▶ _INFORMATION PROVIDED_:
§ §
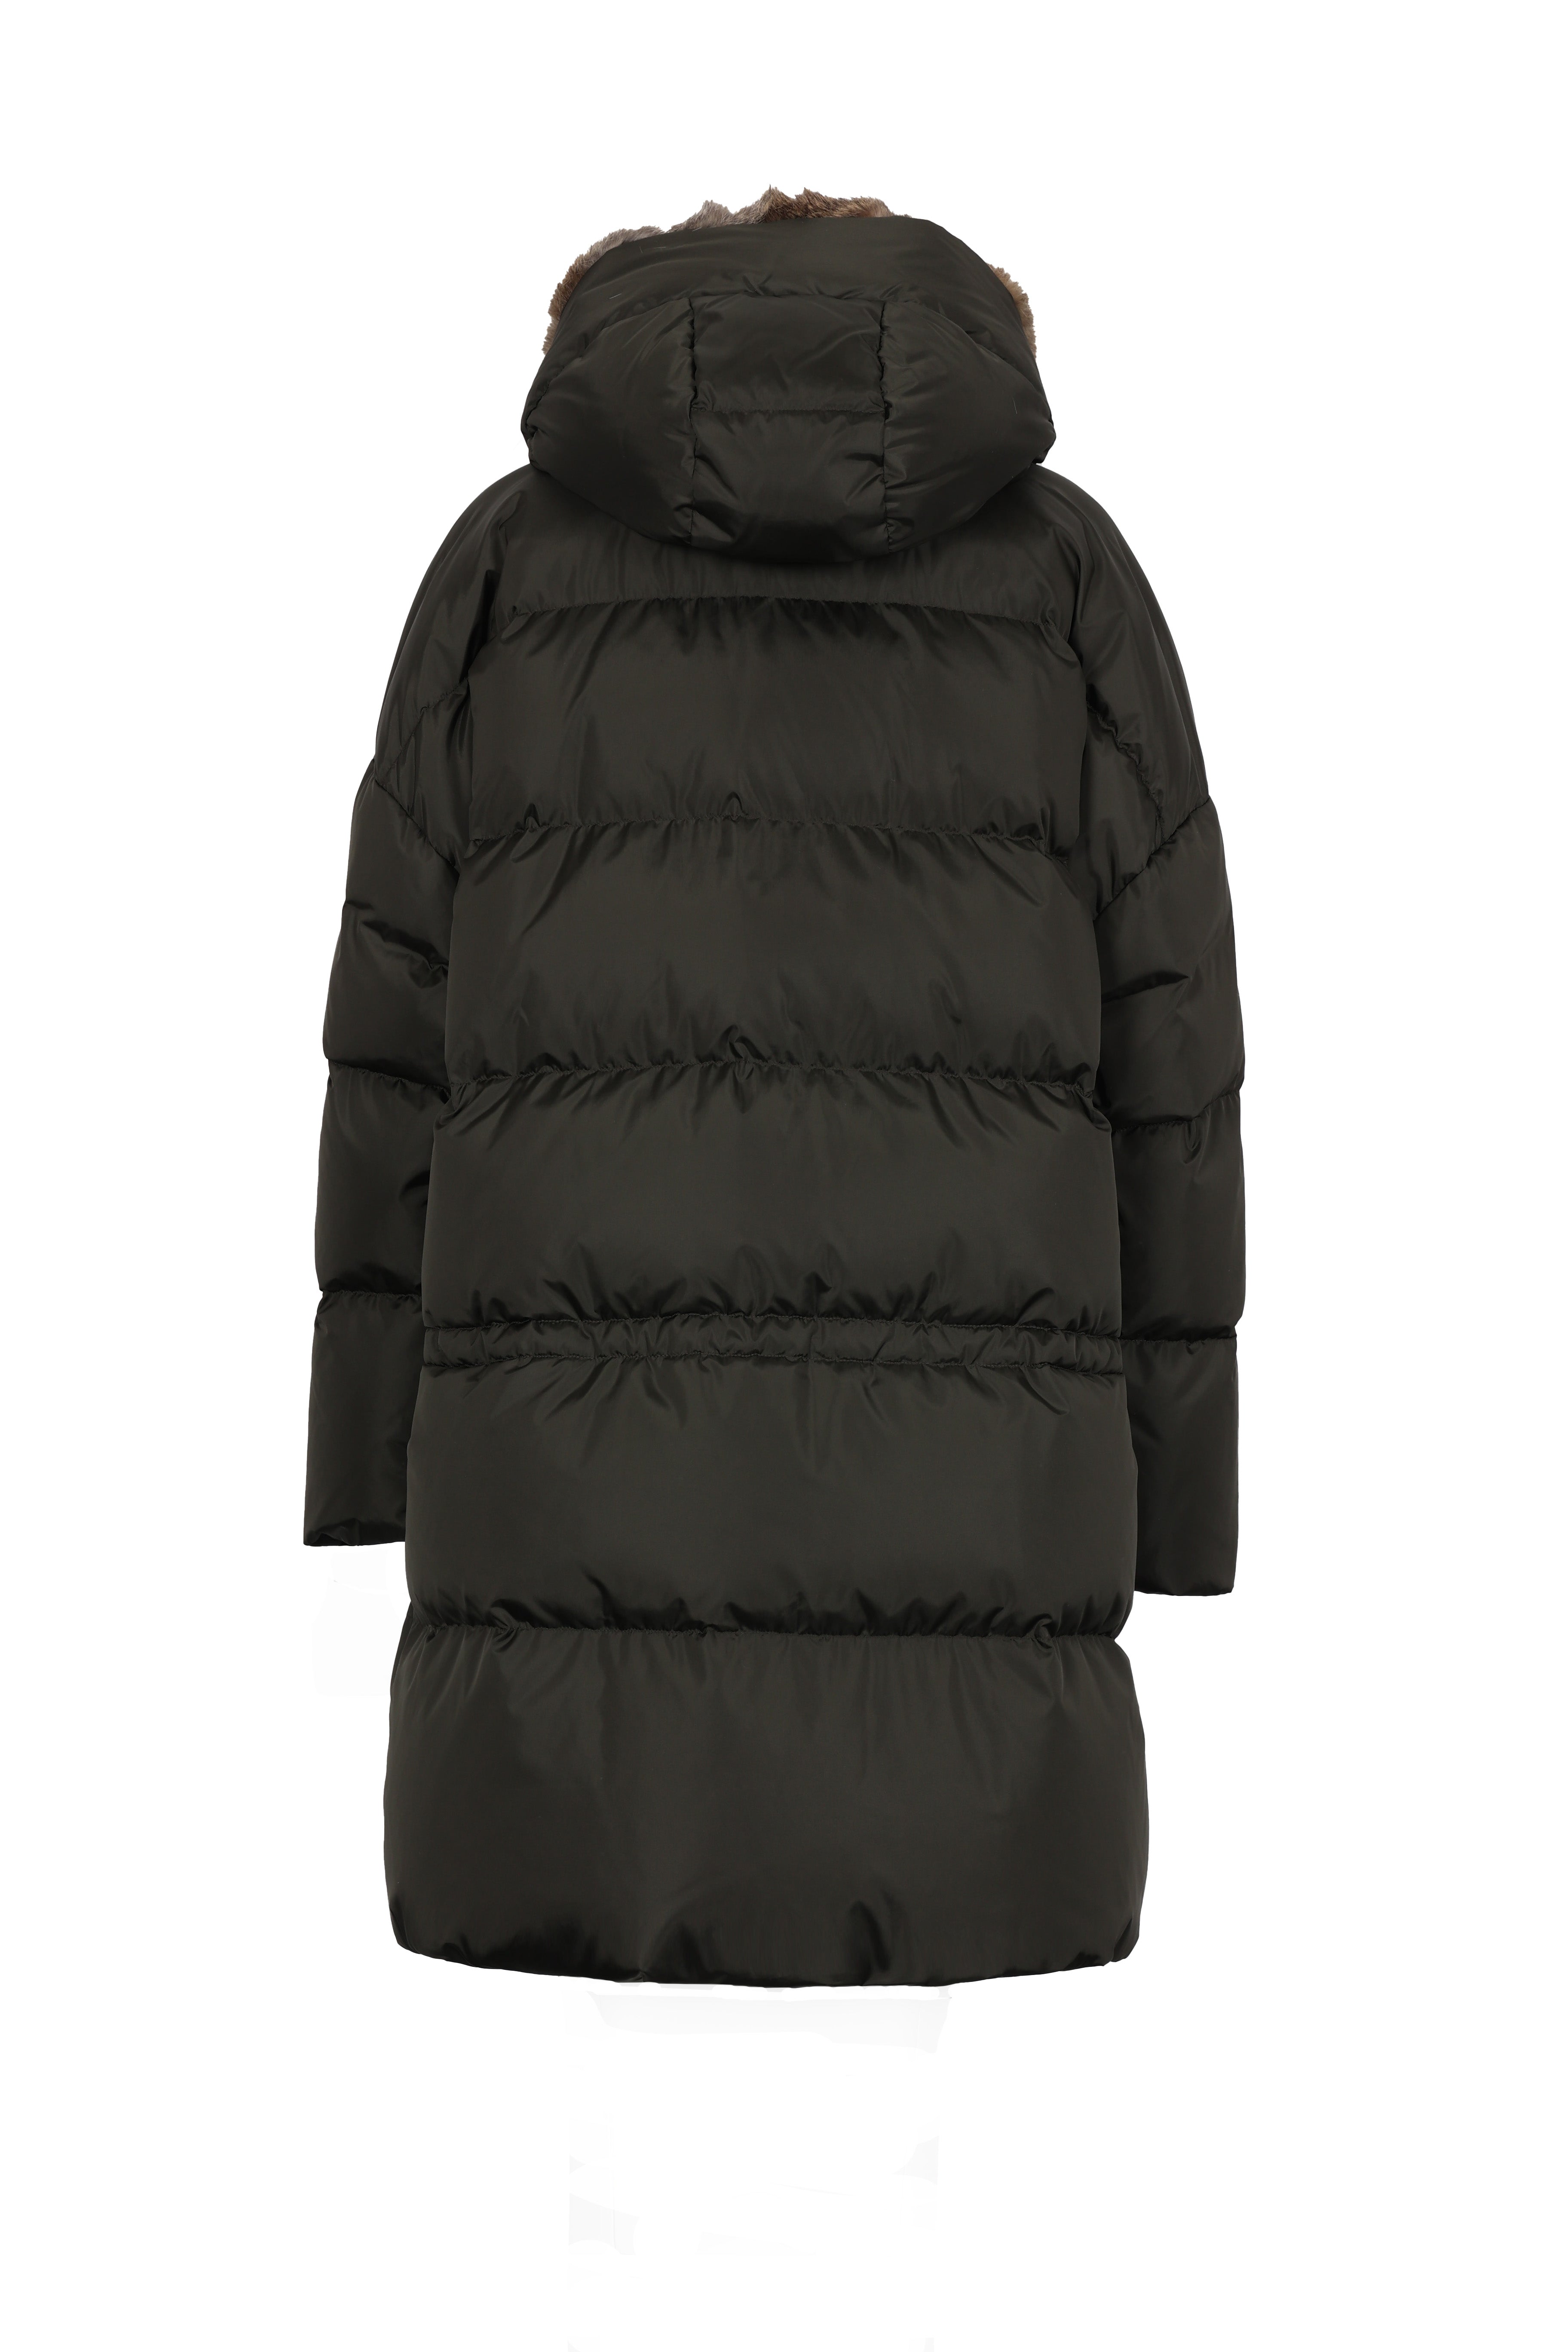 oversized Lempelius down parka in the color dark green
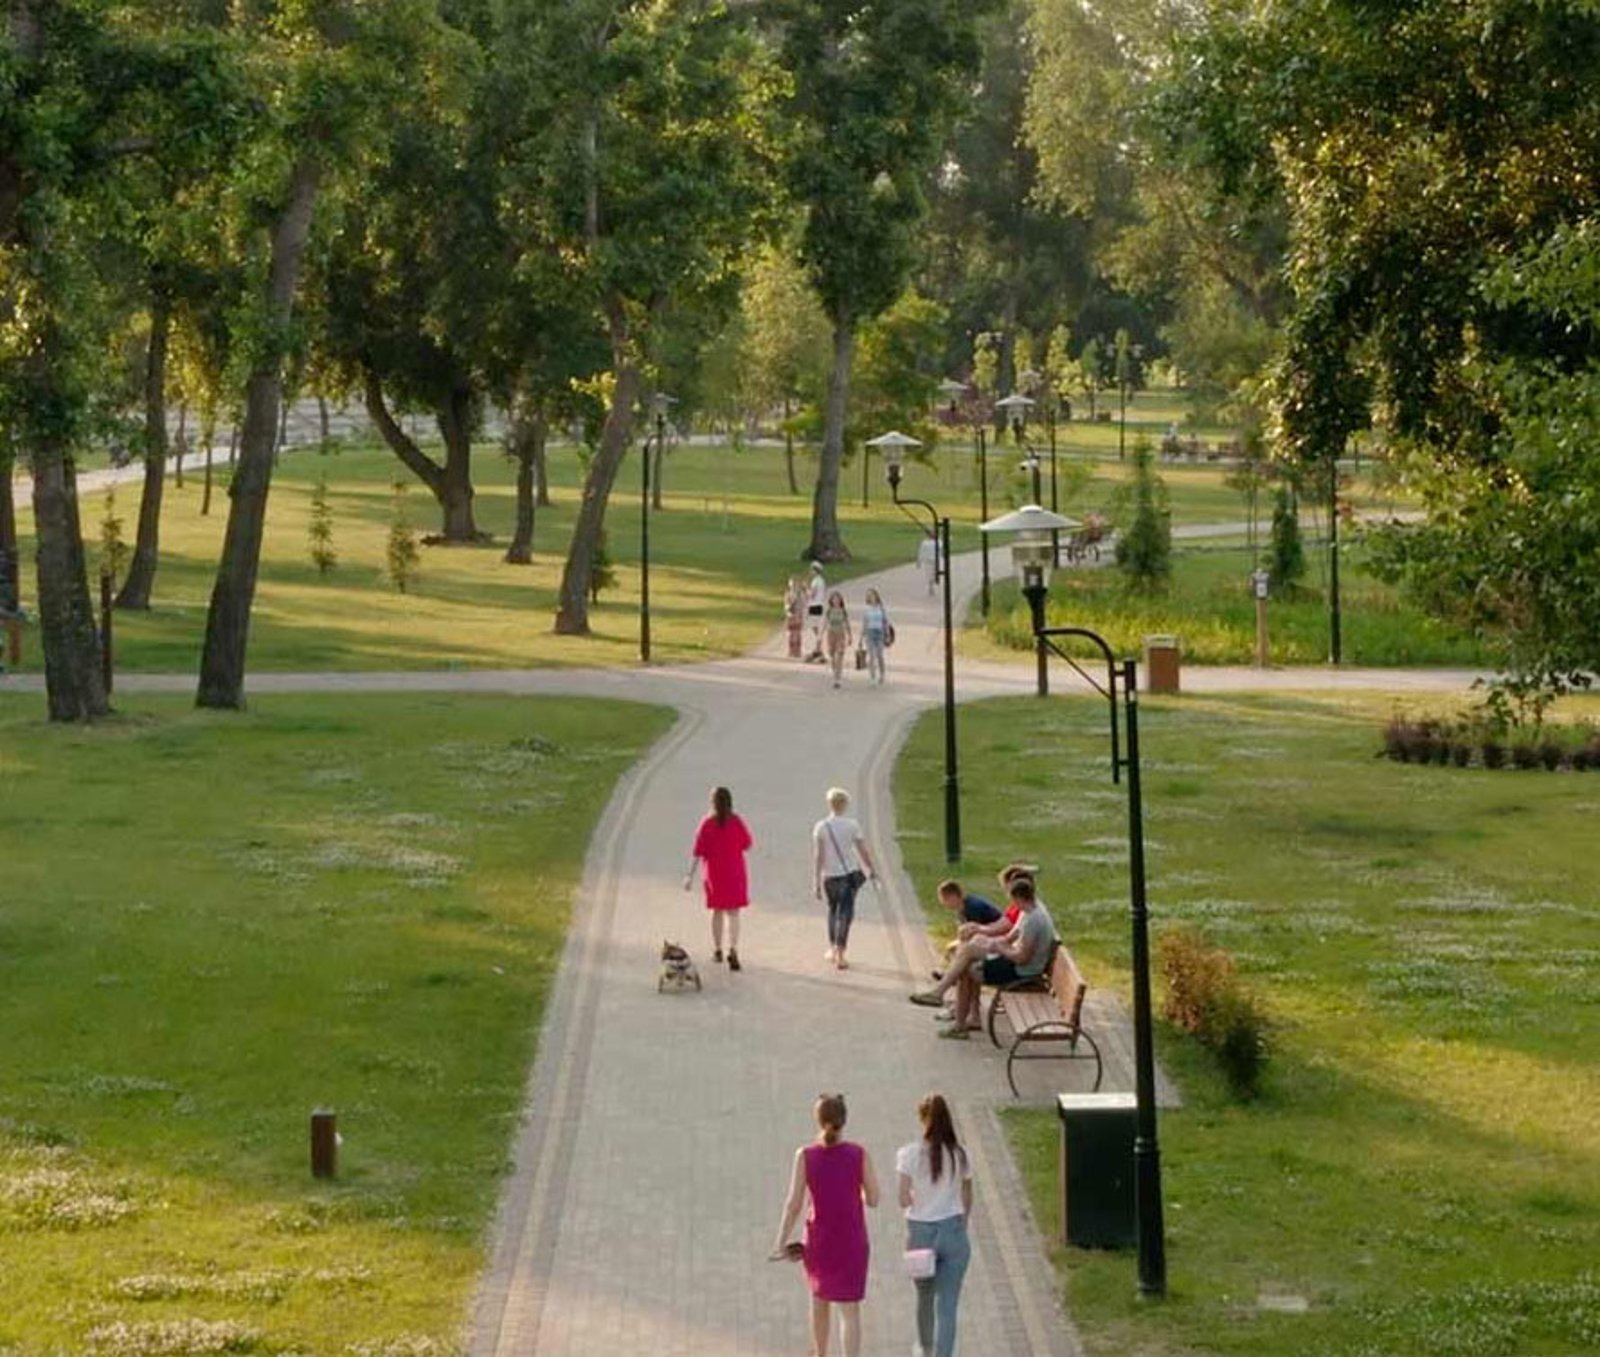 People walking around a park in a city
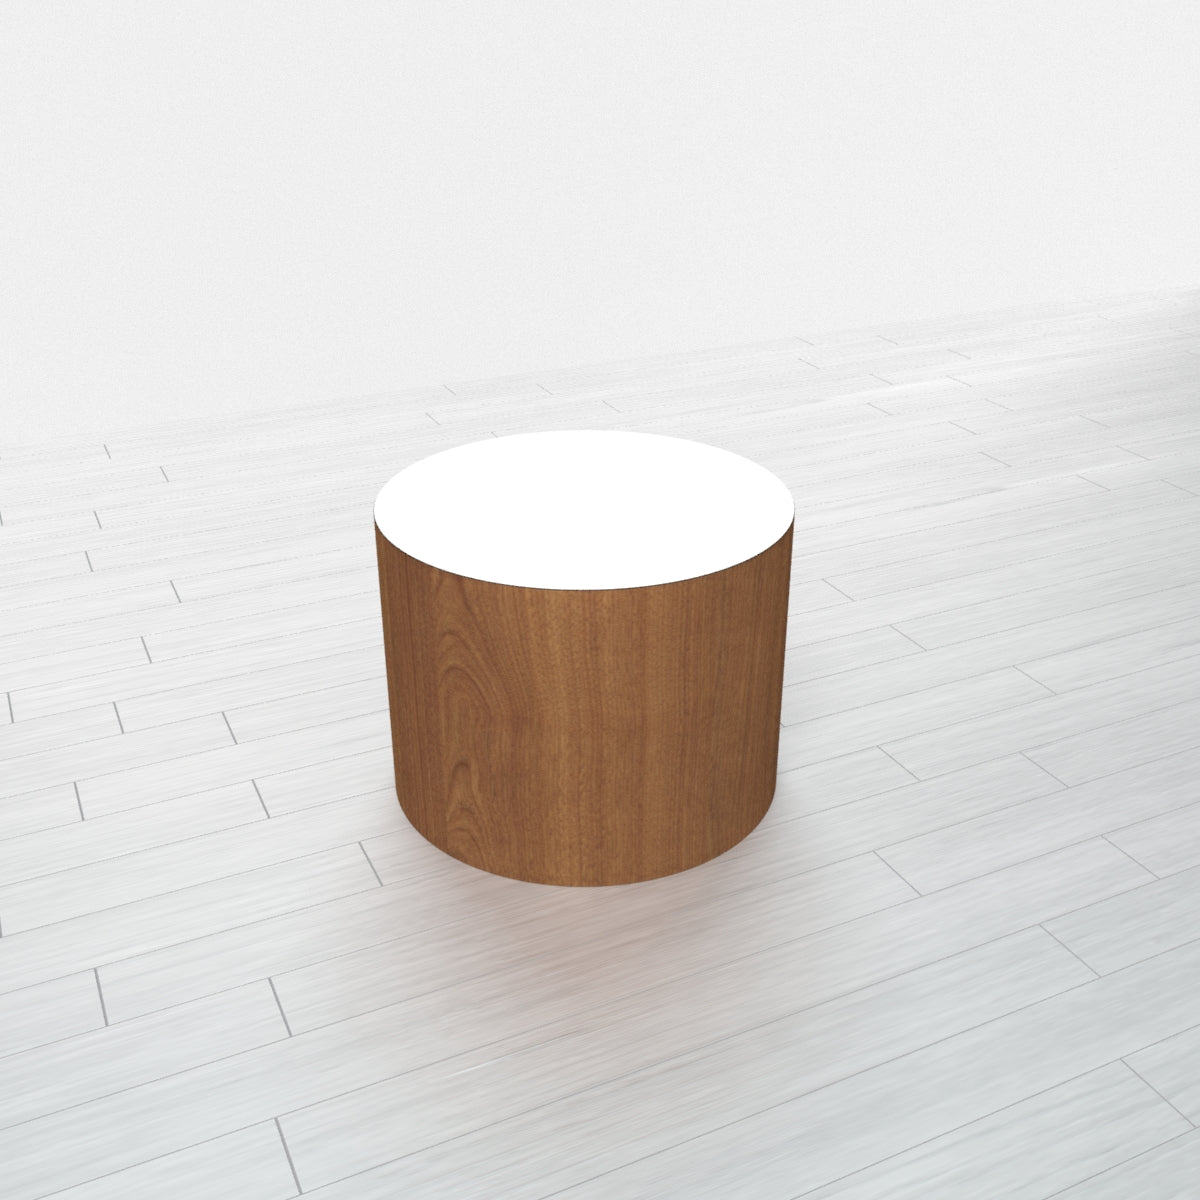 CYLINDRICAL - Cognac Maple Base + White Top - 15x15
§ §
▶ _PROBLEM STATEMENT_: Restate word for word, and only, the lines from the line that contains "People walking around a park in a city" through the end of the data, both included; pictures are not part of the copy.

▶ _SOLUTION_:
 People walking around a park in a city
 CYLINDRICAL - Cognac Maple Base + White Top - 15x15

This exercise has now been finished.